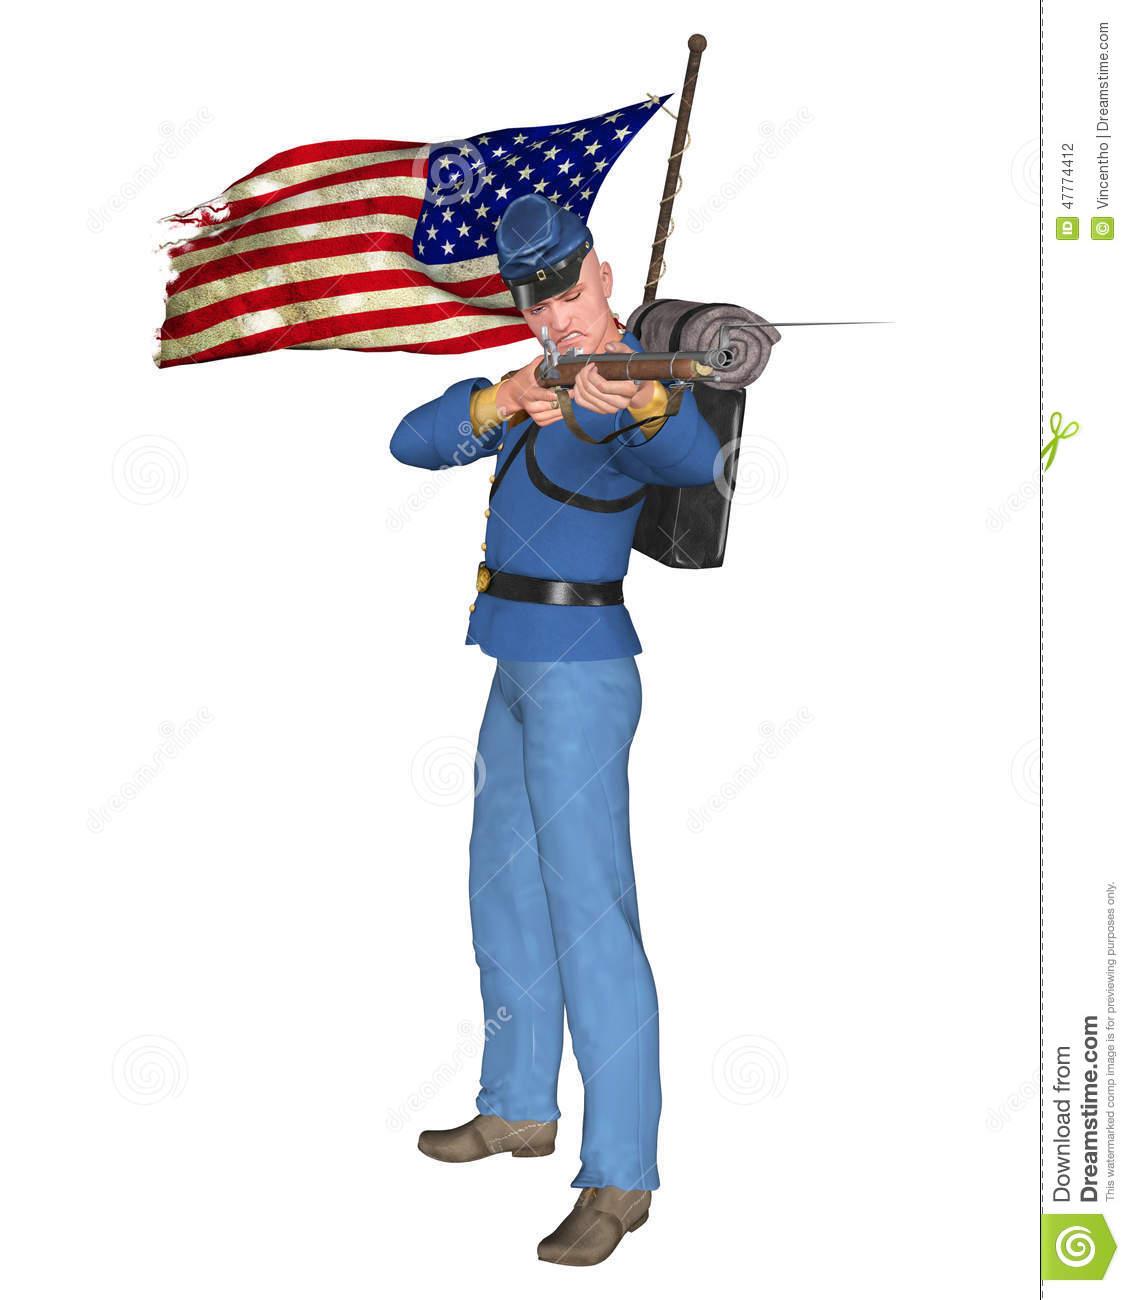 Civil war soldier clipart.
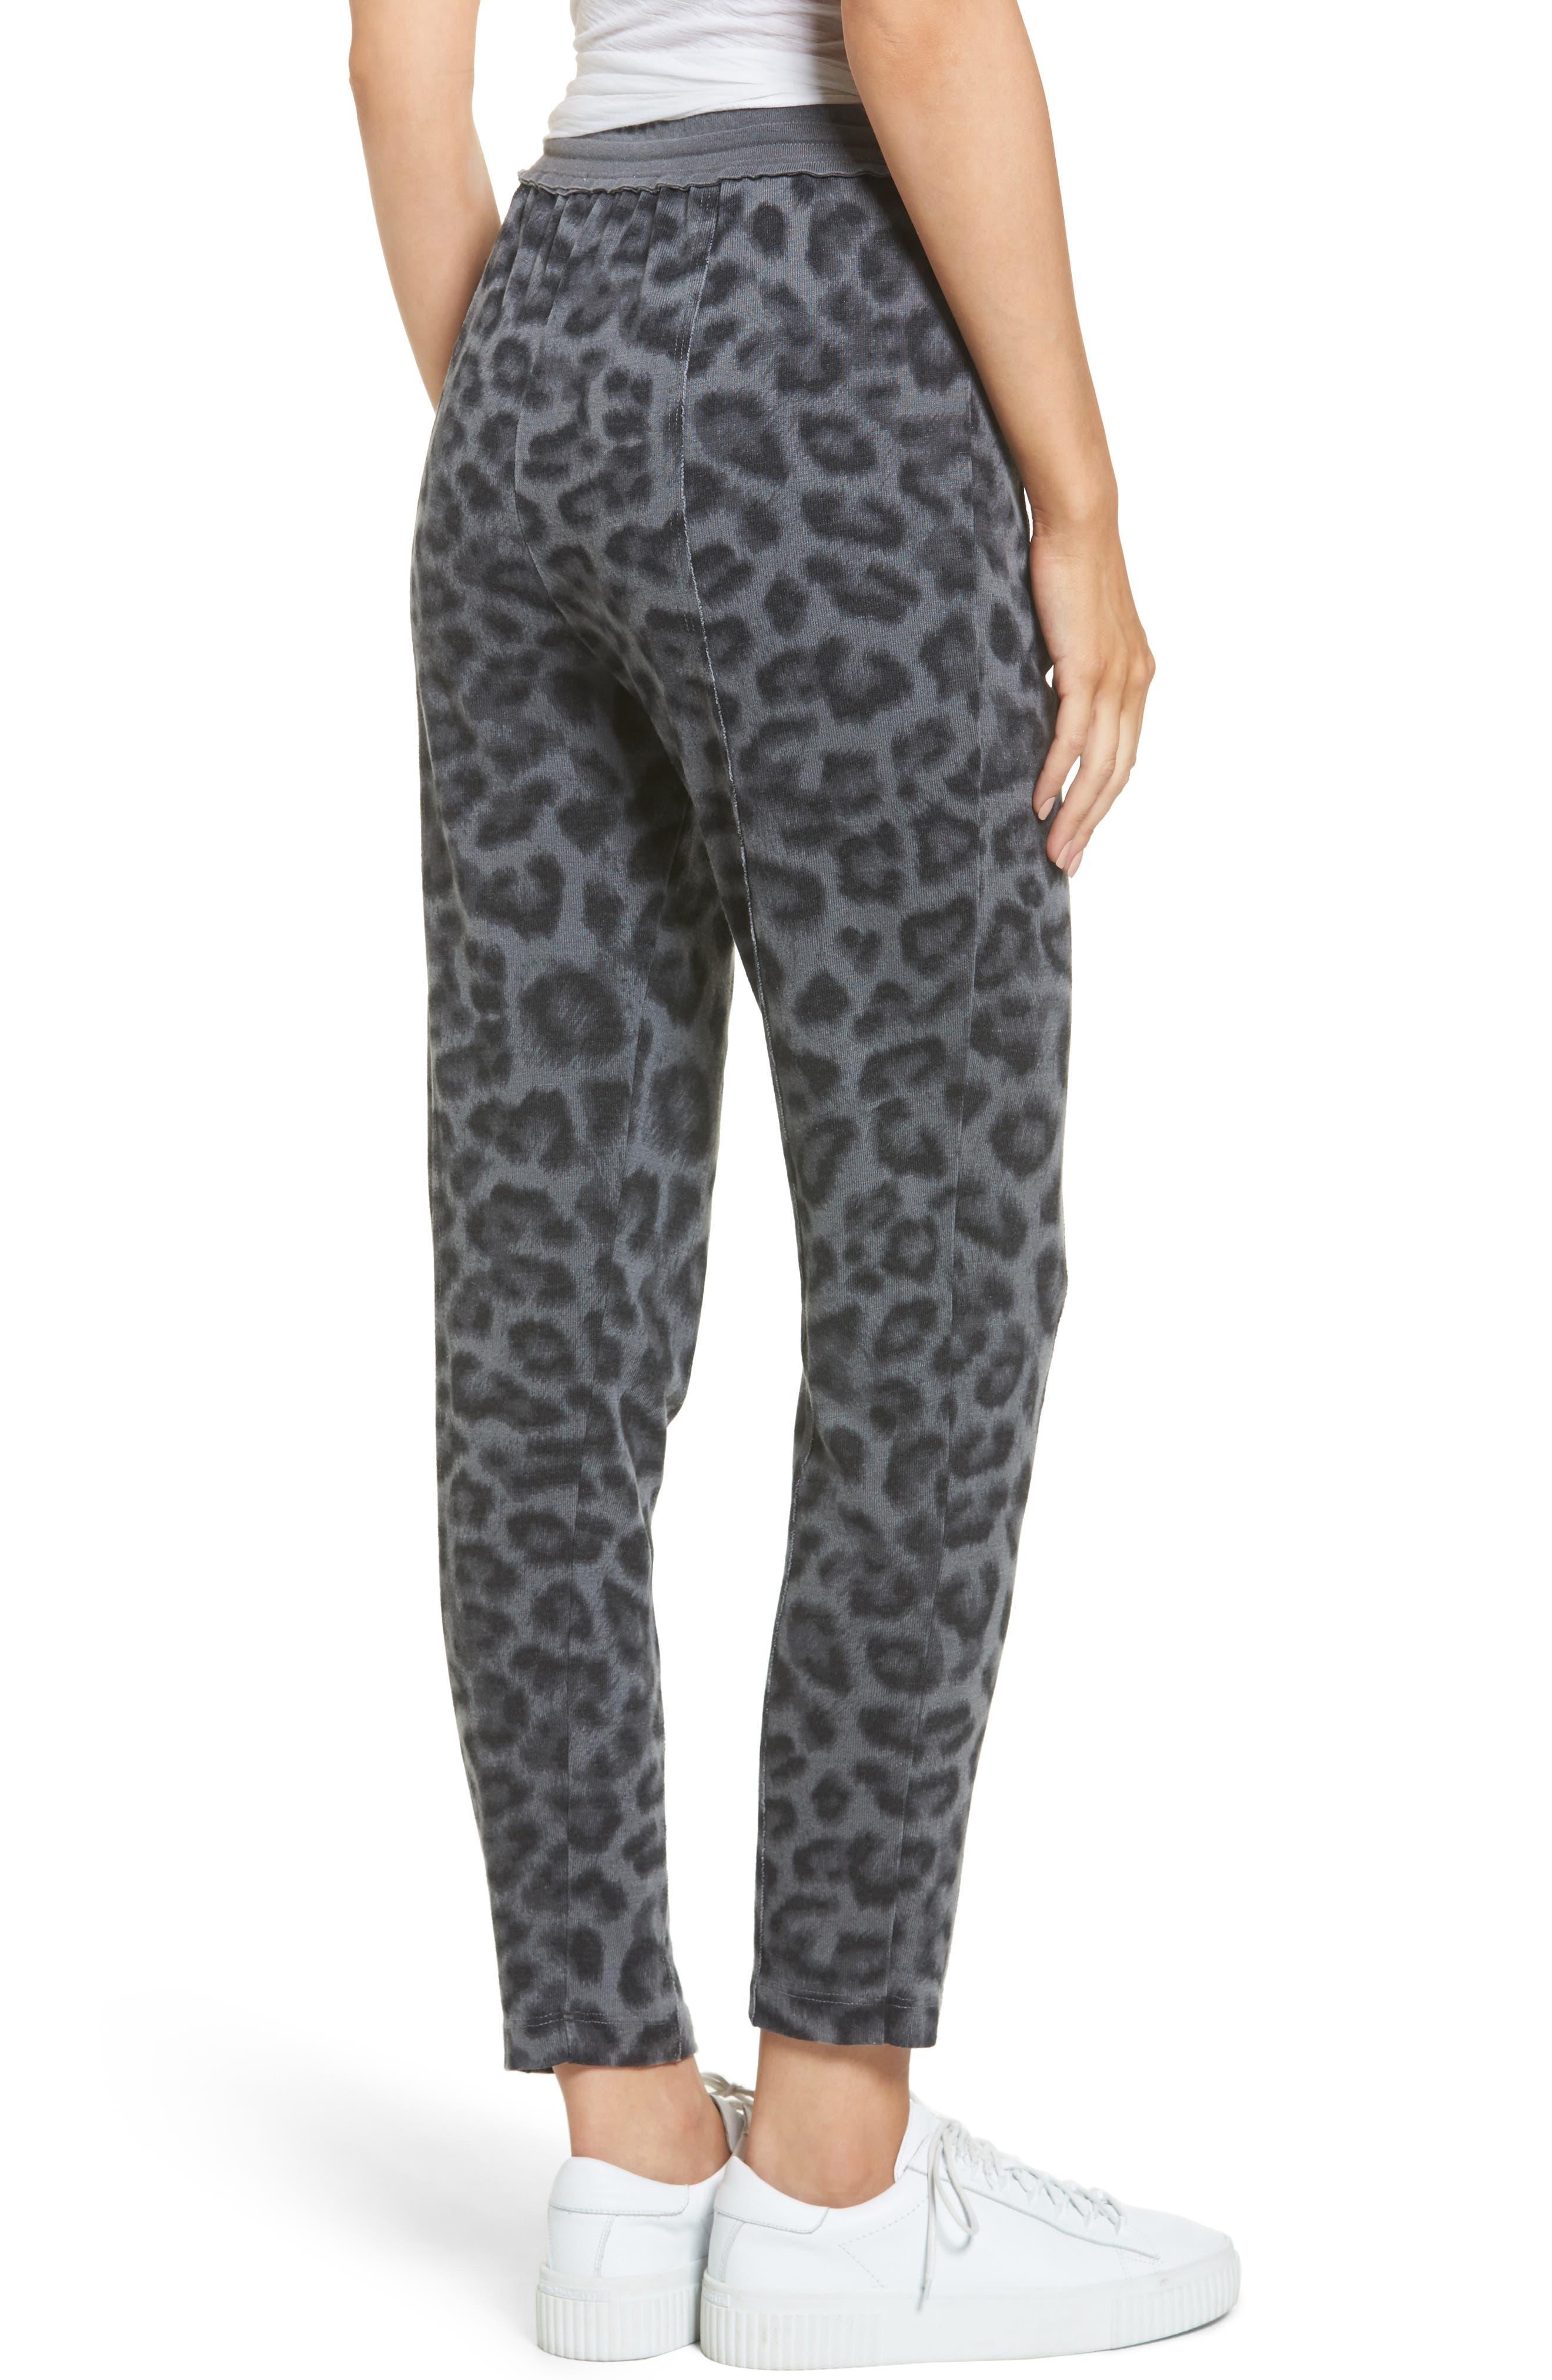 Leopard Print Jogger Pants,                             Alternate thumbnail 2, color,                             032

--

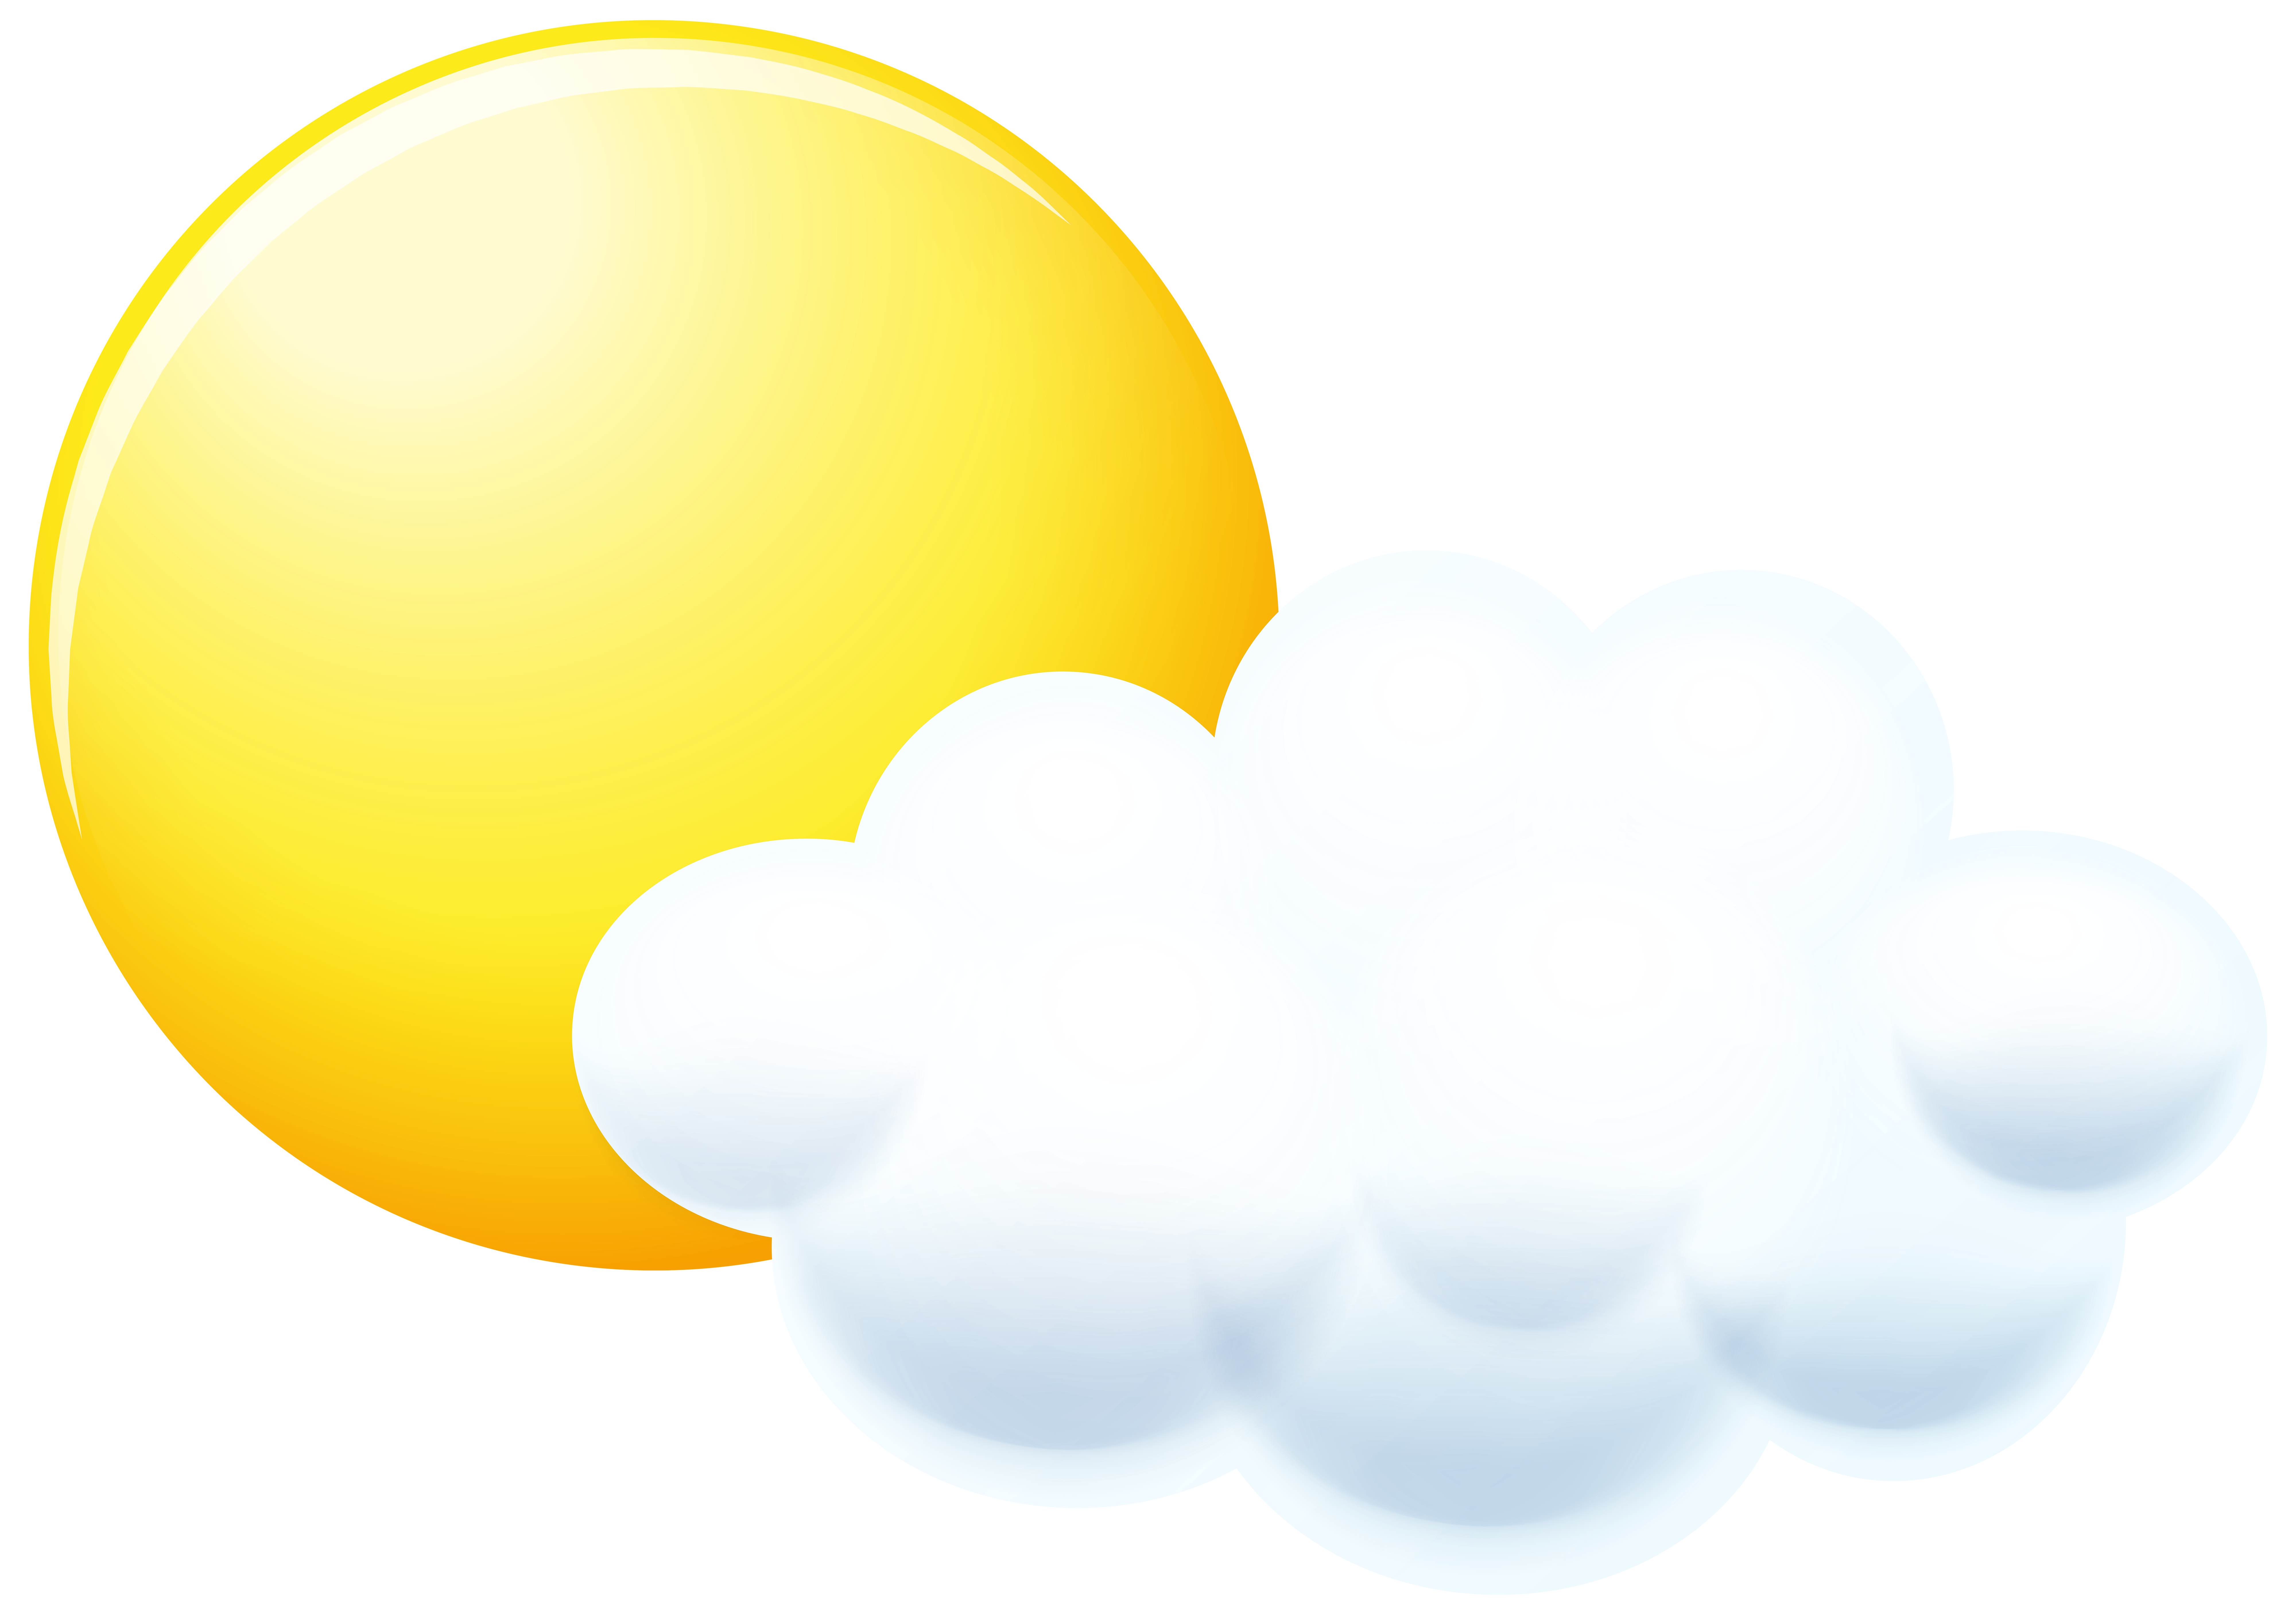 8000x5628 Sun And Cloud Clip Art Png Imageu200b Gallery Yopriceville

* _Your instructions_:
With pictures excluded, reproduce exactly the lines above from the one containing "Civil war soldier clipart." down to the one containing "Leopard Print Jogger", those two included.

* _Result of this task_:
 Civil war soldier clipart.
 Leopard Print Jogger Pants,                             Alternate thumbnail 2, color,                             032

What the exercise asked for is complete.